2, be used for the solid phase agglutination
(1) compose cell to the freeze-drying front volume with the platelet antigen after the physiological saline redissolution freeze-drying, room temperature leaves standstill treats that it fully dissolves.
(2) take out the platelet antibody detection kit, mark patient, positive control and negative control hole on reaction plate, untapped lath should be stored in the valve bag, after the sealing of adding drying agent, and 2-8 ℃ of storage.
(3) in reacting hole, add 1 (50ul) above-mentioned platelet suspension, jog reaction plate about 10 seconds.
(4) with dull and stereotyped hydro-extractor with reaction plate centrifugal 5 minutes with 50g, make blood platelet be fixed on the reacting hole bottom.
(5) pour out liquid in the reacting hole, and drip the washing working fluid with dropper and clean 3 times, jog microwell plate in the washing process, and then get rid of cleansing solution gently.After the last washing reaction plate is inverted in and blots residual liquid (being sure not to pat) on the thieving paper.
(6) in each reacting hole, add 2 (100ul) low ionic-strength solution immediately, and in respective aperture, add 1 (50ul) patient sample, positive control and negative control respectively.Low ionic-strength solution will be become sky blue or dark green by purple, as still adding sample for purple then illustrates to leak.

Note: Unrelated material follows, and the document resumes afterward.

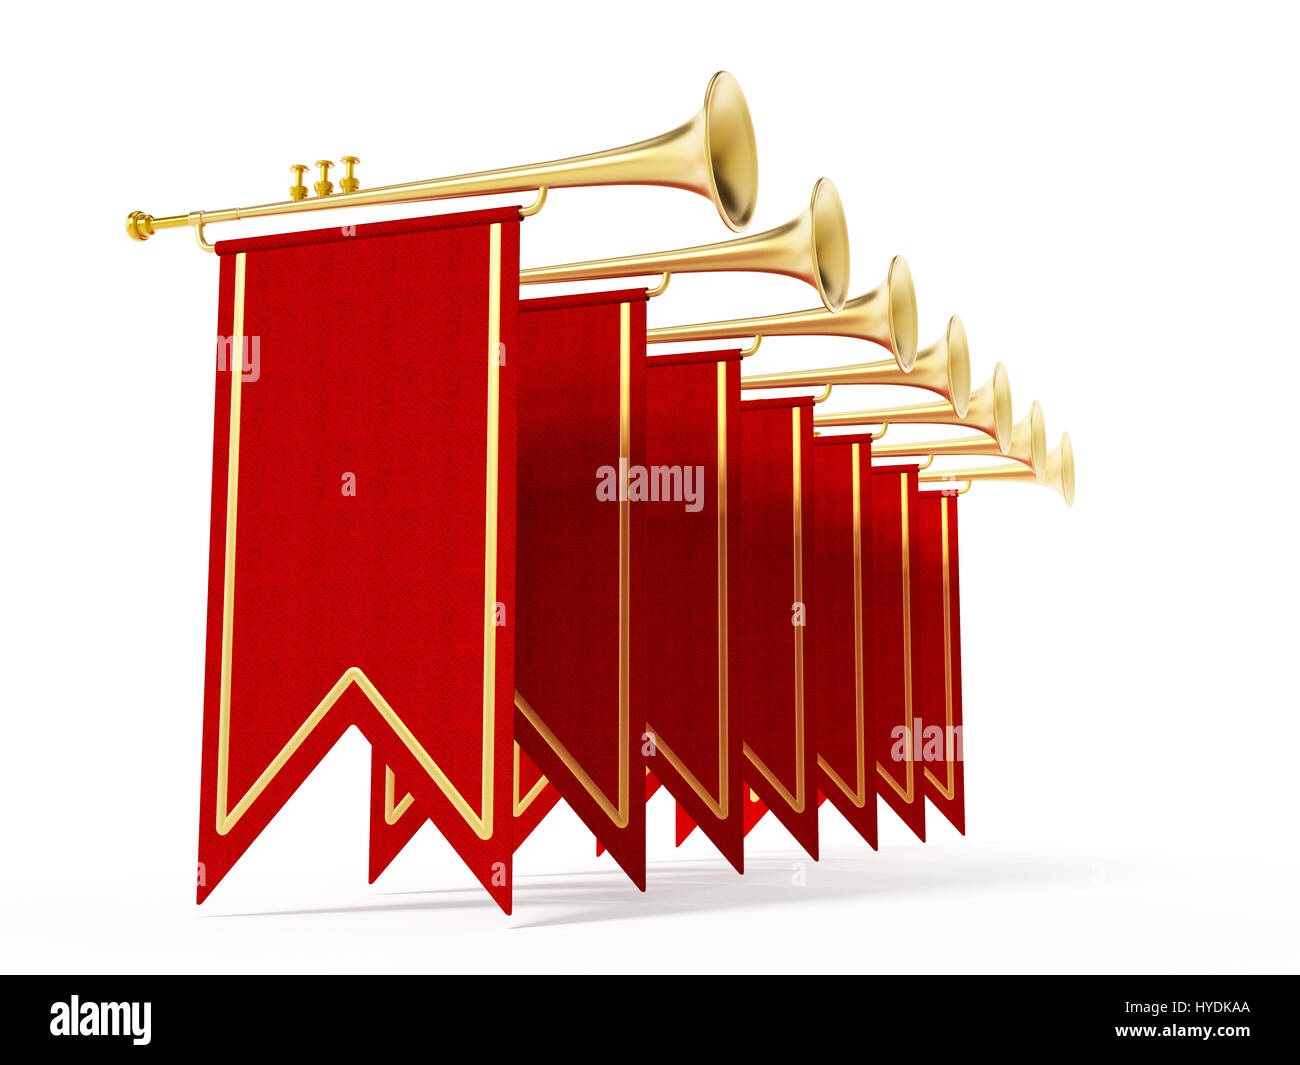 Swallow flags and trumpets isolated on white background. 3D illustration. Stock Photo

(7) reacting hole is sealed with sealing compound, the jog mixing is placed in the wet box 37 ℃ of water-baths and hatched 30 minutes.
(8) reaction plate that finishes has been hatched in taking-up, discards sealing compound.5 washing reaction plates are 5 times set by step.

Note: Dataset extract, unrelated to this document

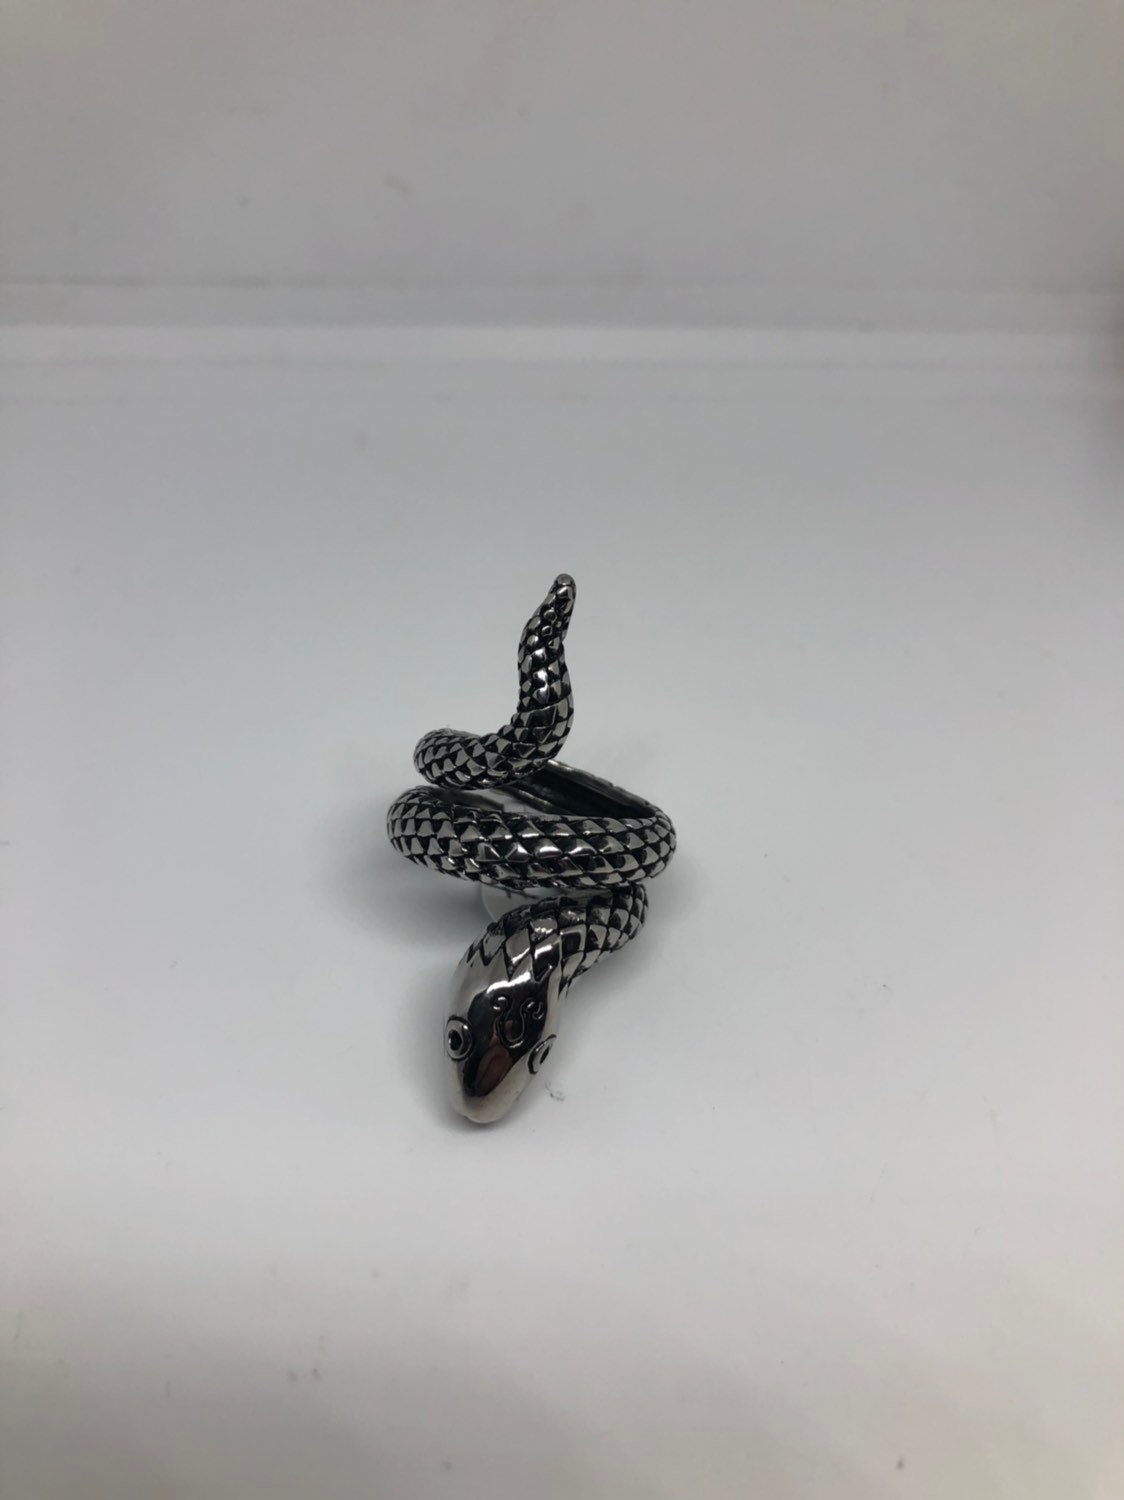 Vintage Gothic Silver Stainless Steel Snake Mens Ring

(9) add 1 (50ul) anti-human IgG and 1 (50ul) indication red blood cell immediately, mixing gently vibrates.
(10) with reaction plate centrifugal 5 minutes with 200g.
(11) result that will detect hole and control wells compares, and interpretation is also write down testing result.
(12) positive findings: the indication red blood cell is tiled in the reacting hole lower surface; If the indication red blood cell only is attached at the bottom of the part hole, and the zone of combination is greatly weak more positive than negative control.Show in patients serum or the blood plasma and contain platelet antibody; Or the blood platelet crossmatch does not conform to.
Negative findings: the indication red blood cell forms erythrocyte aggregation in the reacting hole bottom center.Show and do not contain platelet antibody in patients serum or the blood plasma; Or the blood platelet crossmatch is harmonious.